Do you have children? If so, how old are they?

How old are you and she? 

This is important info for us to have in order to give you input.


----------



## Broken_in_Brooklyn (Feb 21, 2013)

Craig Stacy said:


> Hi all,
> 
> I'm headed for divorce and it's breaking me apart. We have separated twice and finally separated and she wants a divorce., I don't. We have separated in the past, because there have been issues with my high BP, I have a temper (I just get upset easy, I've never been physical with her or verbally abusive, nothing like that). We still talk daily, here and there. There hasn't really been a no contact thing at all. We tried working things out a few weeks ago and her family doesn't want us together after already splitting apart a few times. She said that she doesn't want to lose her family. We split before so we could each assess the marriage, and I could work on my issues, which I never did. We got back together both times, and things were going good so I disregarded that there were still unresolved issues beneath the surface.
> 
> That brings me to now... She said that her family would come around in time, but she doesn't want to wait, I can't blame her. Once they have seen that I am making changes for the good, they might come around. She is dating. She put on social media that she was in relationship, and the people that his guy she is dating was living with kicked him out, so she moved him in. What can I do? She still loves me, she still cares, she is tired of hearing me say "I'll change..." but now I truly am. I am in counseling, I have an appointment for a doctor to get back on my correct medications. And she does say "if it's meant for us to be back together, it will, but I don't see it happening and I can't see myself with you." she is making that judgement on the person I have been lately. How can I get her to come around and see me for who I truly am, while making these changes? How do I help her to realize that we truly could make a marriage work again, once these issues are resolved?


She moved another guy in. Forget her words and protestations to the contrary, you have been replaced. Her actions by moving him in say all you need to know. It's over. Don't hesitate on her stringing you along forever as plan B. Respect yourself, love yourself, don't punish yourself because of her actions. Just file for divorce.


----------



## SentHereForAReason (Oct 25, 2017)

Craig Stacy said:


> Hi all,
> 
> I'm headed for divorce and it's breaking me apart. We have separated twice and finally separated and she wants a divorce., I don't. We have separated in the past, because there have been issues with my high BP, I have a temper (I just get upset easy, I've never been physical with her or verbally abusive, nothing like that). We still talk daily, here and there. There hasn't really been a no contact thing at all. We tried working things out a few weeks ago and her family doesn't want us together after already splitting apart a few times. She said that she doesn't want to lose her family. We split before so we could each assess the marriage, and I could work on my issues, which I never did. We got back together both times, and things were going good so I disregarded that there were still unresolved issues beneath the surface.
> 
> That brings me to now... She said that her family would come around in time, but she doesn't want to wait, I can't blame her. Once they have seen that I am making changes for the good, they might come around. She is dating. She put on social media that she was in relationship, and the people that his guy she is dating was living with kicked him out, so she moved him in. What can I do? She still loves me, she still cares, she is tired of hearing me say "I'll change..." but now I truly am. I am in counseling, I have an appointment for a doctor to get back on my correct medications. And she does say "if it's meant for us to be back together, it will, but I don't see it happening and I can't see myself with you." she is making that judgement on the person I have been lately. How can I get her to come around and see me for who I truly am, while making these changes? How do I help her to realize that we truly could make a marriage work again, once these issues are resolved?

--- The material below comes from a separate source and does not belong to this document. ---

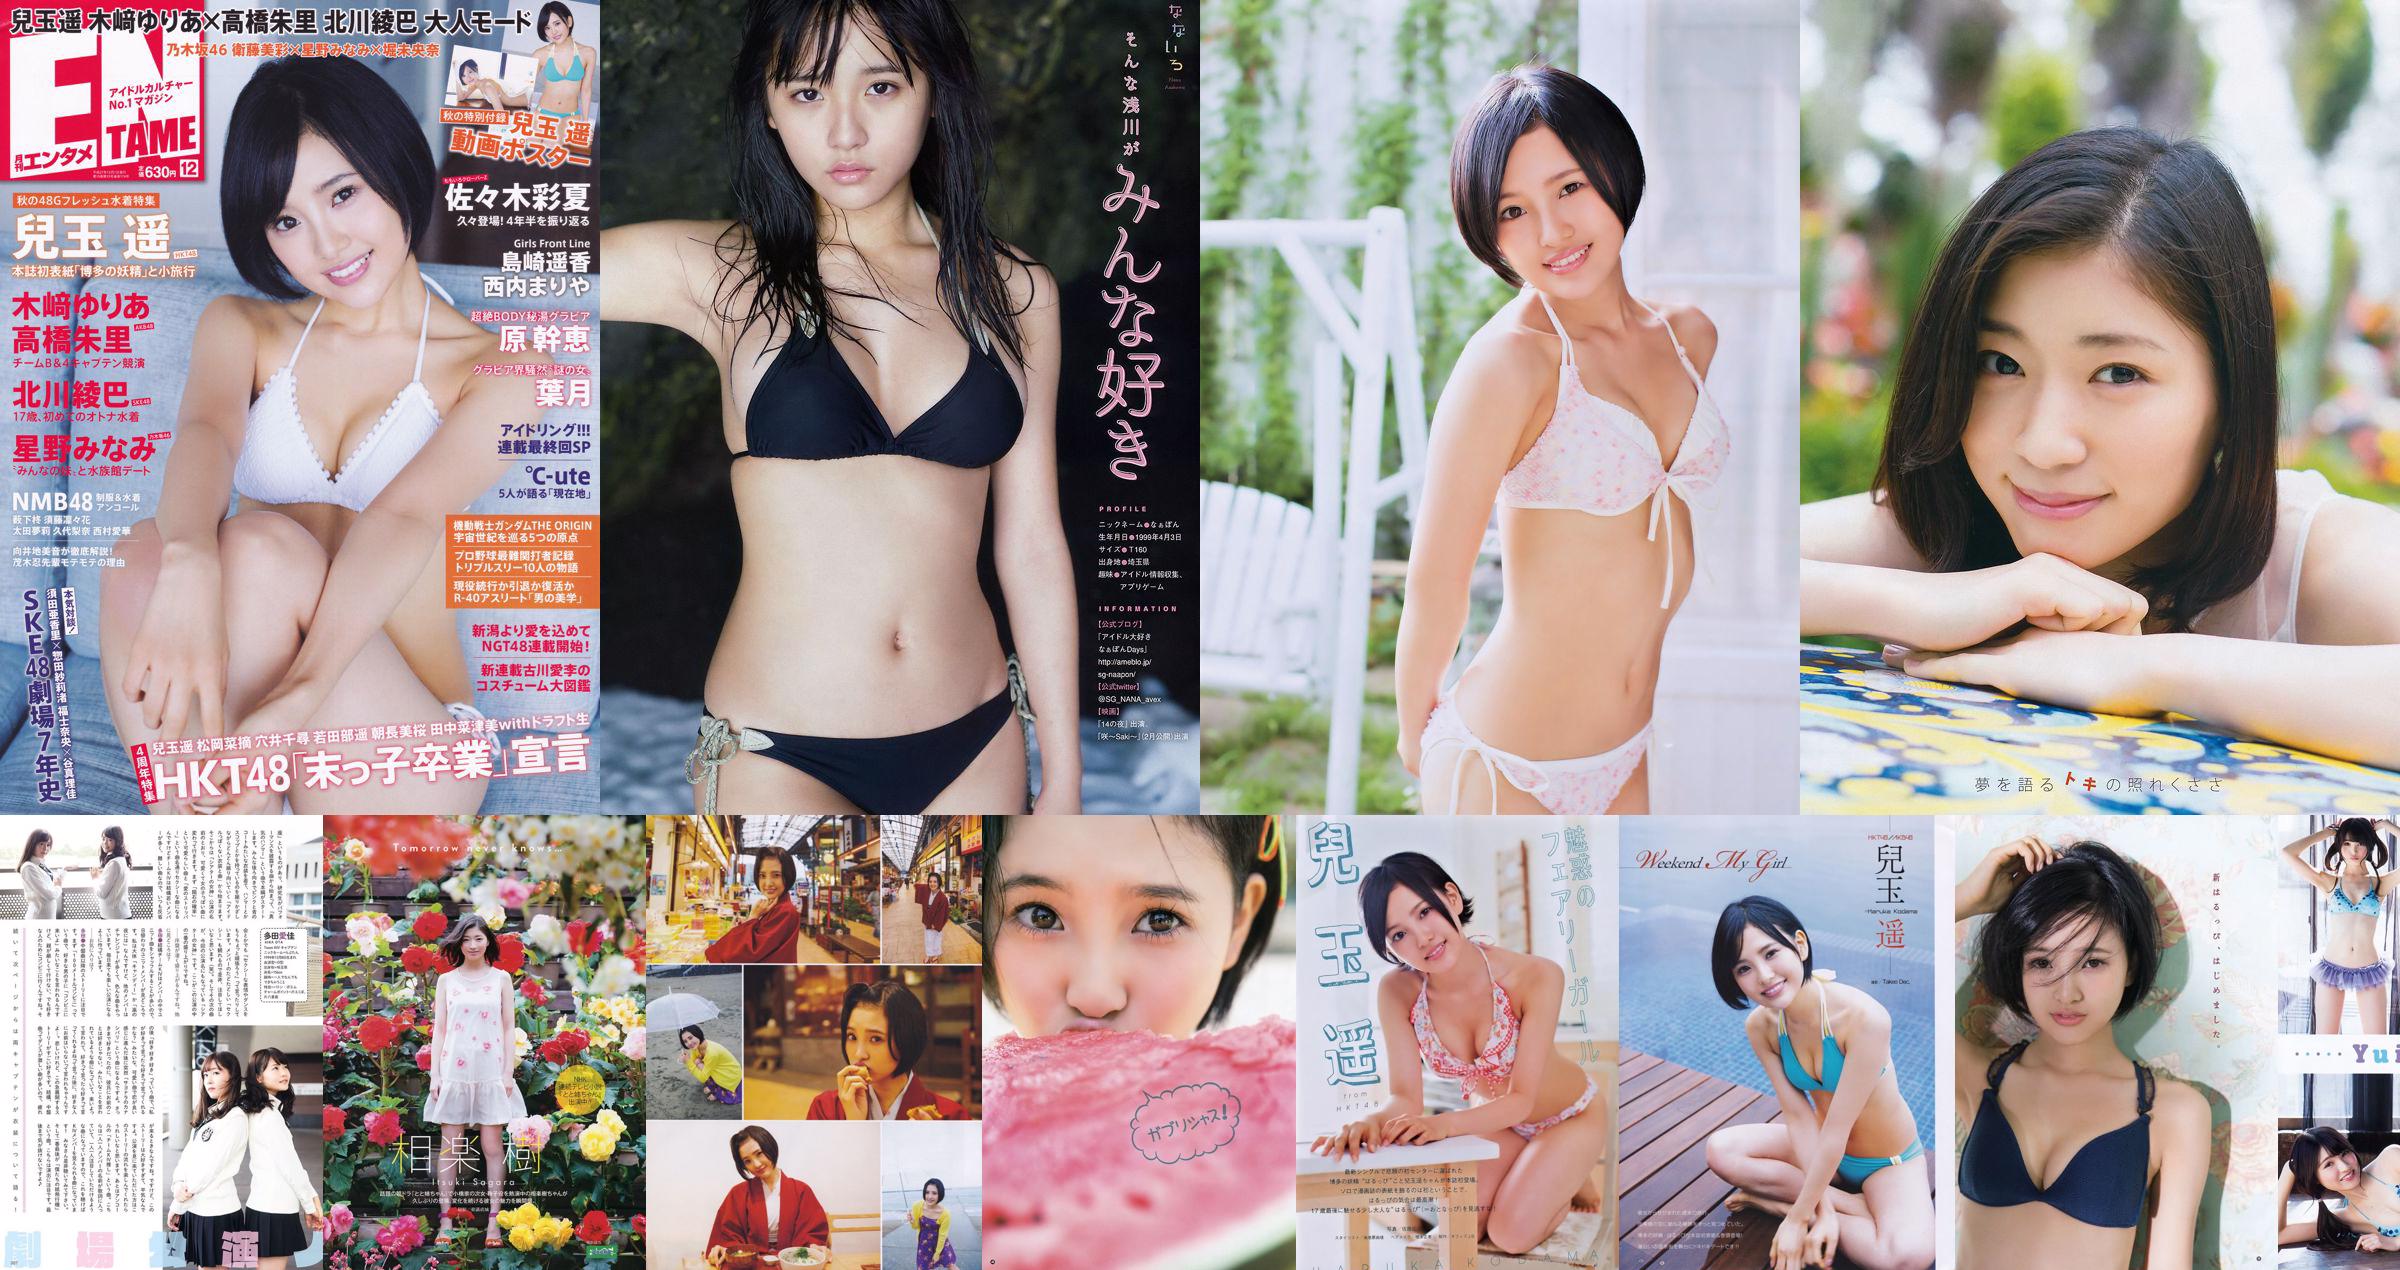 Haruka Kodama Yui Kojina HKT48 [Animal jovem] 2015 No.21 Photo Magazine No.7570e9 Página 20

You need to move on as hard as it seems and feels like BIB said but if there really were faults of yours that led to the break-up, that gives you a lot of room for improvement. You cannot afford to go of course. You may never get her back even if you keep up the changes for quite a while but you sure as heck won't if you don't. The bottom line is that if you continue to work on yourself, you are going to make yourself feel better and you are going to attract other women that are a good fit for you. You may not want to think about other women at this point, I still don't and I am in the process of divorce now.


----------



## chillymorn69 (Jun 27, 2016)

The fat lady has sung!


Got to move on ! When she sees you dating she might try to win you back but if I were you I'd keep on trucking.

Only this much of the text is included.